Наташа вышла на лестничную клетку спокойная, со строгим, изумительно прекрасным лицом, с распущенными волосами, в простеньком ситцевом халатике.

– Уже назюзюкался? – спросила она, взглянув мимолетно.

– Наташа!

– Когда это ты успел? Надо же, до положения риз. И жара нипочем. Принести компоту?

– Миленькая девочка из сказки! Красная шапочка.

1– Вот как. Не ври!

– Самая бесценная на свете. Я маме про тебя напишу. Я люблю тебя…

Наташа напряглась, чтобы уйти, но Афиноген ловко загородил ей дорогу.

– Пусти!

– Выходи за меня замуж, – сказал Афиноген, уста– вясь в пол. – Будем жить по закону, если тебя не устраивает гражданский брак. По документу будем жить.

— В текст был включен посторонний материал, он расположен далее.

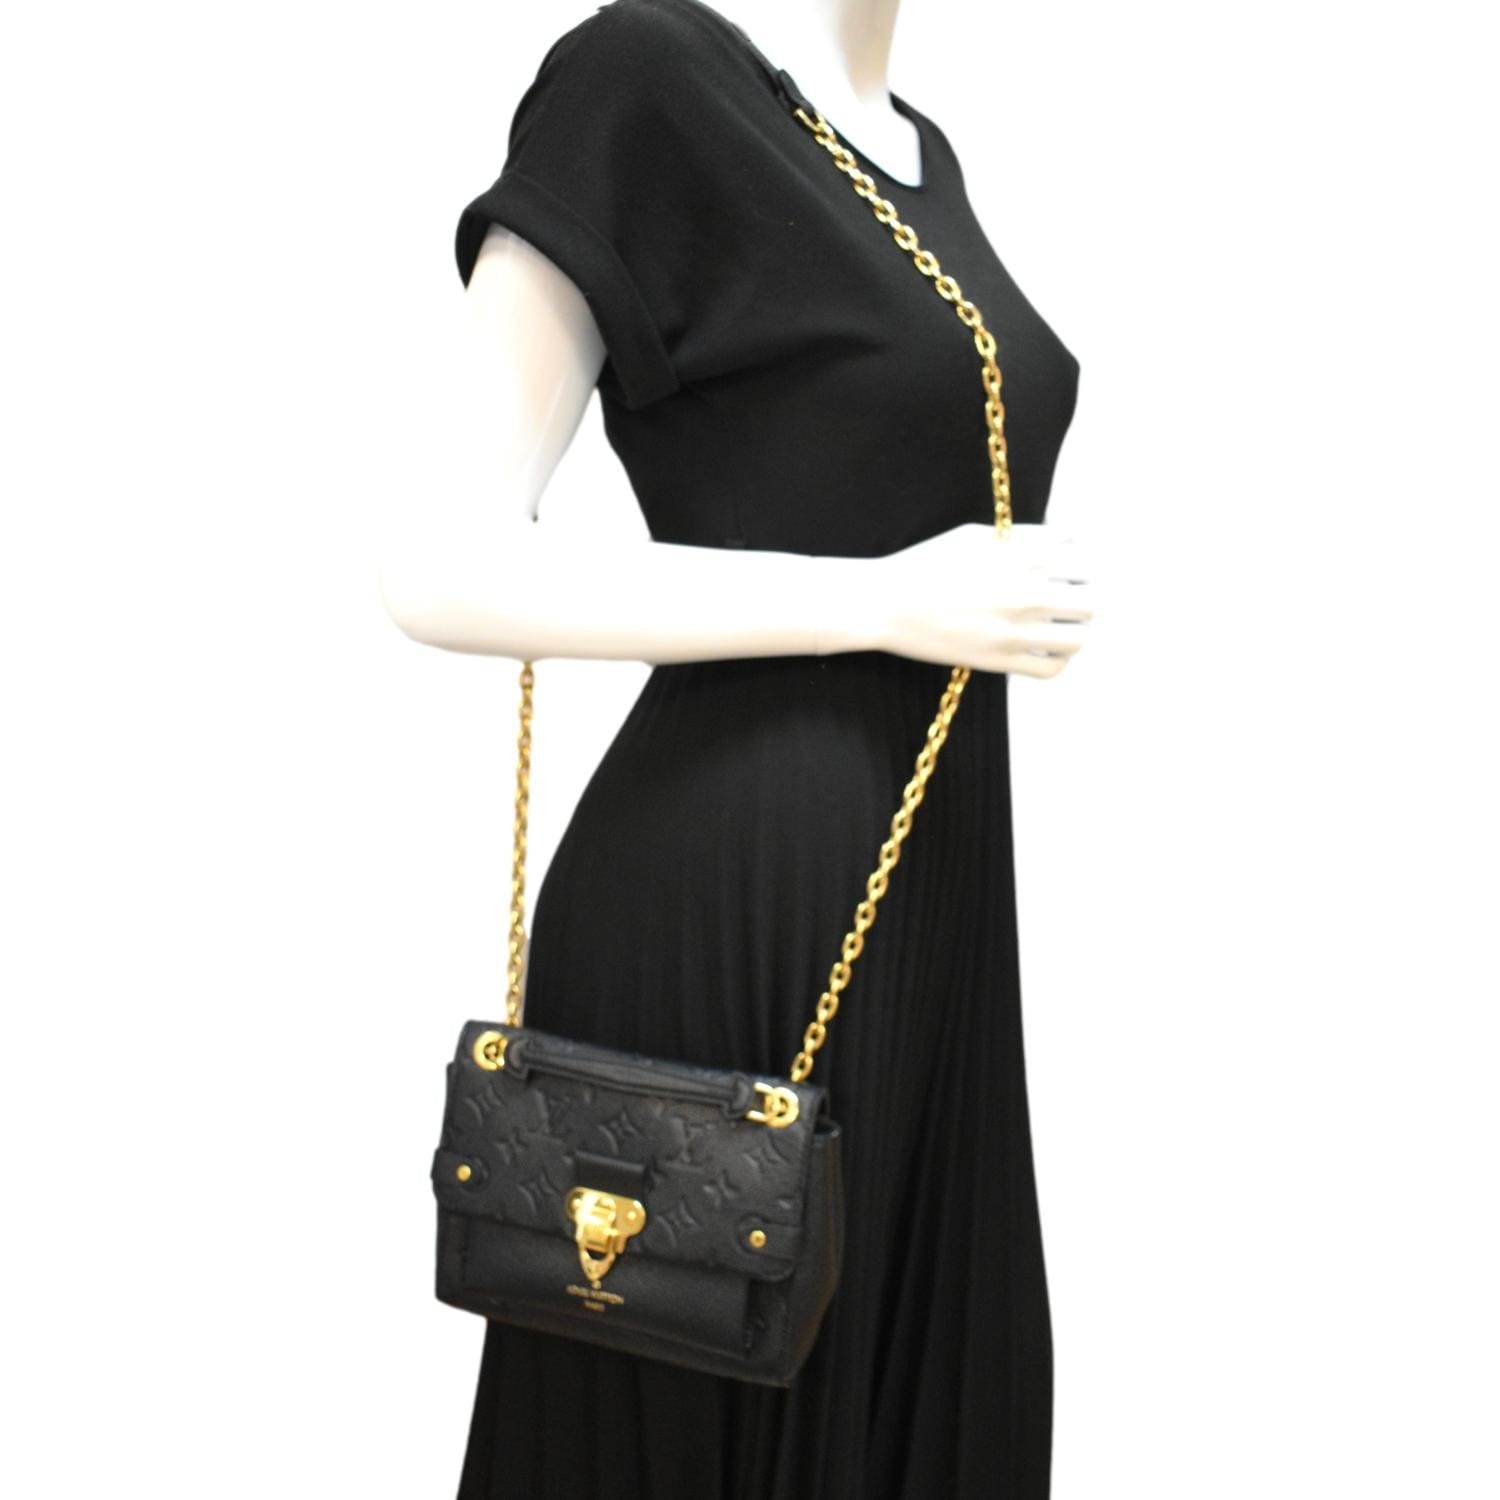 My fav-LV vavin bb black full leather gold chain bag #lvbag #lvbaglove, Lv Bag

Наташа бельчонком металась в опутывающих ее сетях. Безумная гордость и робкая надежда гоняли ее сердечко по кругу, как маленький резиновый мячик.

– Какой ты муж, – ответила она, – ни одному твоему слову нельзя верить. Кругом подвох. Ты замучил меня, Гена. Лучше уходи! Уходи и не приходи. Я не умею, как ты, всегда смеяться. Может быть, я и глупая, но мне хочется знать точно, что и как… Я же не кукла.

– В четверг пойдем в загс, – сказал он. – Но не раньше.

– Если бы я могла, то убила бы тебя!

– В четверг, – повторил Афиноген. – Во вторник у нас профсоюзное собрание, а понедельник – сама понимаешь – черное число. И в среду никак нельзя, у меня банный день.

В Наташиных глазах встали светлые слезы. Он готов был за каждую слезинку умереть по разу. Он глядел, мягко улыбаясь, на ее чистое лицо, и постепенно Наташа успокоилась, щеки ее порозовели.

– Не надо, милый, – попросила Наташа. – Не смотри так на меня. Не надо.

– В четверг я зайду за тобой в десять утра, – сказал Афиноген. – Давай сверим часы.

По ступенькам он спускался осторожно, невольно почему–то припадая на левую ногу. Уже выходя из подъезда, услышал, сверху хлопнула дверь. Он подумал: «Наташа! Красная шапочка. Помяни меня в своих молитвах, нимфа».

5

В это время Петр Иннокентьевич Верховодов вспоминал вот что. В один из дней мокрой осени сорок второго года ему приказали протянуть телефонный провод к расположению соседнего полка. Напарником он сам выбрал сосунка Пруткова, который вечером только прибыл к ним, как успел выяснить старшина Верховодов, прямо из объятий папочки–архитектора, из богатой столичной квартиры, где он прожил, ни о чем не тужа, ровно семнадцать лет. Пруткова знобило, то ли от страха, то ли от холода, он подрагивал нервно, как стебелек на ветру, и взглядывал на старшину дерзкими немигающими очами. Невыясненным оставалось, как он попал в действующую армию, почему его прислали сразу на передовую. Любопытный старшина и собирался порасспросить мальчишку по дороге.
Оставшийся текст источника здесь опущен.